In this project, we will be exploring the hotel reviews and the rating base on customer hotel experience. We will be also looking at feature engineering and designing a deep learning model to predict ratings based on reviews.We also be using NLP tools for feature extractions and preparing the data for deep learning models.
Tripadvisor, Inc. is an American online travel company that operates a website and mobile app with user-generated content and a comparison shopping website. It also offers online hotel reservations and bookings for transportation, lodging, travel experiences, and restaurants. Its headquarters are in Needham, Massachusetts. Wikipedia
Hotels play a crucial role in traveling and with the increased access to information new pathways of selecting the best ones emerged. With this dataset, consisting of 20k reviews crawled from Tripadvisor, you can explore what makes a great hotel and maybe even use this model in your travels! Dataset Link : CLick Here
a. Compound Score & Sentiment - Utilized VADER (Valence Aware Dictionary and Sentiment Reasoner)
which is a lexicon and rule-based sentiment analysis tool that is specifically attuned to sentiments expressed in social media for sentimental scoring and then converting those scores into 3 categorical Sentiments, Positive Negative, and Neutral. Click Here to learm more !
b. Applying Functions - Applied the above functions to the original database to create additional columns for Sentiment Score and Sentiment.And finally saved the preprocessed file for future use.
a. Countplot of Sentiments - Most of the comments are Positive, as shown in seaborn countplot.

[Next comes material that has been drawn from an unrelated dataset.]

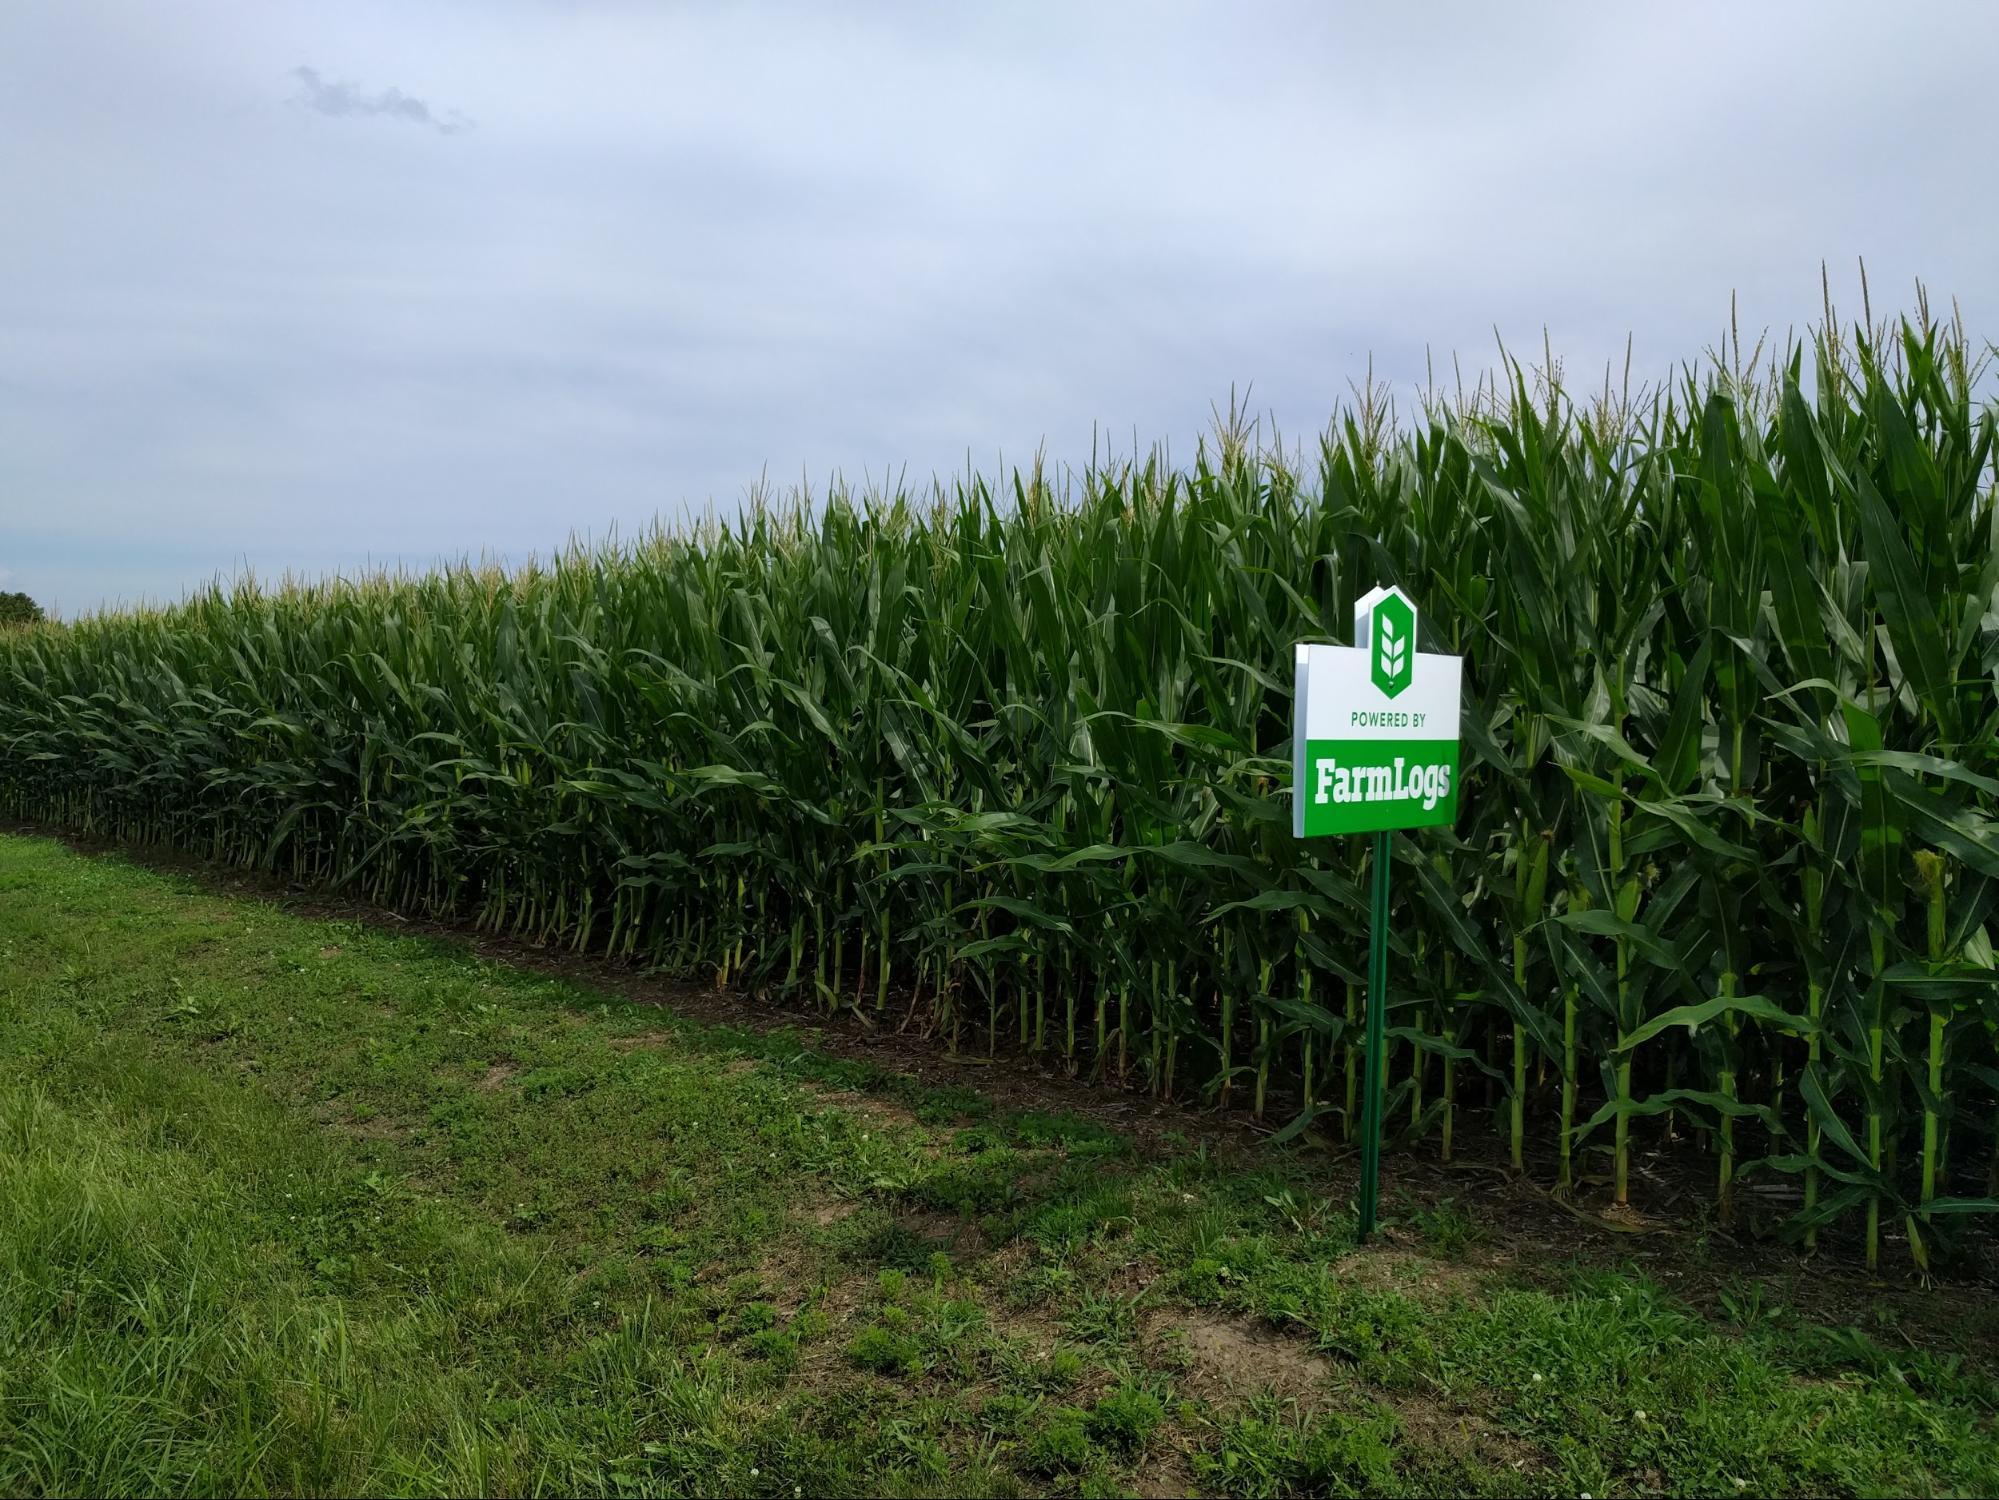 corn field with FarmLogs sign

b. Plotting the Bar Graph - In the bar plot, we can see the distribution of sentiment and rating, people with 5-star ratings have the highest positive sentiment. whereas at lower ratings its mixed emotions showed by customers review, this can be related to sarcasm.
c. Plotting a pie chart of ratings - A simple pie chart using Plotly library can give you an idea of the distribution of different ratings. The majority of people are giving a positive and 4-5star rating.
d. Violion plot - Violion plot gives us a better picture of the relationship between Ratings and Sentiments. From 3 to 5 rating most of the review sentiments are positive.
e. Wordcloud of Different Sentiments - The most common word used in all three Sentiments was a hotel room. Which is quite obvious ,hotel managers can to focus on if they want a better rating from customers.
f. Applying Keywords to the Dataframe -
Extracted keywords using Gensim's summarization.keywords module
which contains functions to find keywords of the text and building graph on tokens from text. More can be found at Gensim. And then used Python Counter to identify the top ten keywords and created a barplot of the top 20 keywords.
a. Downloaded NLTK for natural language processing.
import nltk
nltk.download('stopwords')
nltk.download('wordnet')
nltk.download('punkt')
b. Removed common words and stopwords - To enhance model performance.
c. Stopwords - The stop words are words which are filtered out before or after processing of natural language data (text). Though "stop words" usually refers to the most common words in a language, there is no single universal list of stop words used by all natural language processing tools, and indeed not all tools even use such a list. Some tools specifically avoid removing these stop words to support phrase search.
d. Employed lemmatization to convert words to their base form - Lemmatization is the process of converting a word to its base form. The difference between stemming and lemmatization is, lemmatization considers the context and converts the word to its meaningful base form, whereas stemming just removes the last few characters, often leading to incorrect meanings and spelling errors. For more information visit Lemmatization Approaches with Examples in Python
e. Text Joining - Making all the comma seperated lemmatized words back into a string. Also used PoerterStemmer to improve the performance and you can also use other yet processing to improve the performance metric.
f. Utilized the Keras Tokenizer class to vectorize the text corpus - The Tokenizer class of Keras is used for vectorizing a text corpus. For this either, each text input is converted into integer sequence or a vector that has a coefficient for each token in the form of binary values. Also employed the texts_to_sequences method helps in converting tokens of text corpus into a sequence of integers.
g. Remapped ratings - To reduce the model output size from 6 to 5.
a. Implemented a Long Short Term Memory (LSTM) architecture for sentiment prediction. - Long short-term memory (LSTM) is an artificial recurrent neural network (RNN) architecture used in the field of deep learning. Unlike standard feedforward neural networks, LSTM has feedback connections. It can not only process single data points (such as images), but also entire sequences of data (such as speech or video). For example, LSTM is applicable to tasks such as unsegmented, connected handwriting recognition,speech recognition and anomaly detection in network traffic or IDSs (intrusion detection systems).
a. Plotted accuracy and sparse categorical cross-entropy for both training and validation sets
b. Visualized model performance using a confusion matrix heatmap
c. Visualized model performance using a classification report
Saved the trained model has been saved as BiLSTM.h5 for easy replication and testing.
a. Tripadvisor Prediction model - Overall my deep learning model performed well with limited resources and memory restrain. I think using the BERT model can increase accuracy by +20 percent. I haven't experimented with other ML models, but in my experience with gradient booster and logistic models do not perform well in text classification.
b. Final Thoughts - Sentiments of reviews were all over the place and they did not have any effect on ratings. In reviews sometimes people are being sarcastic which is hard to pick by machine without context. Overall by analyzing keywords I have realized people were mostly writing reviews about the Hotel room, service, staff, and breakfast. Which is a good indicator for a hotel management team so they can focus on it, to get better reviews and 5 stars ratings.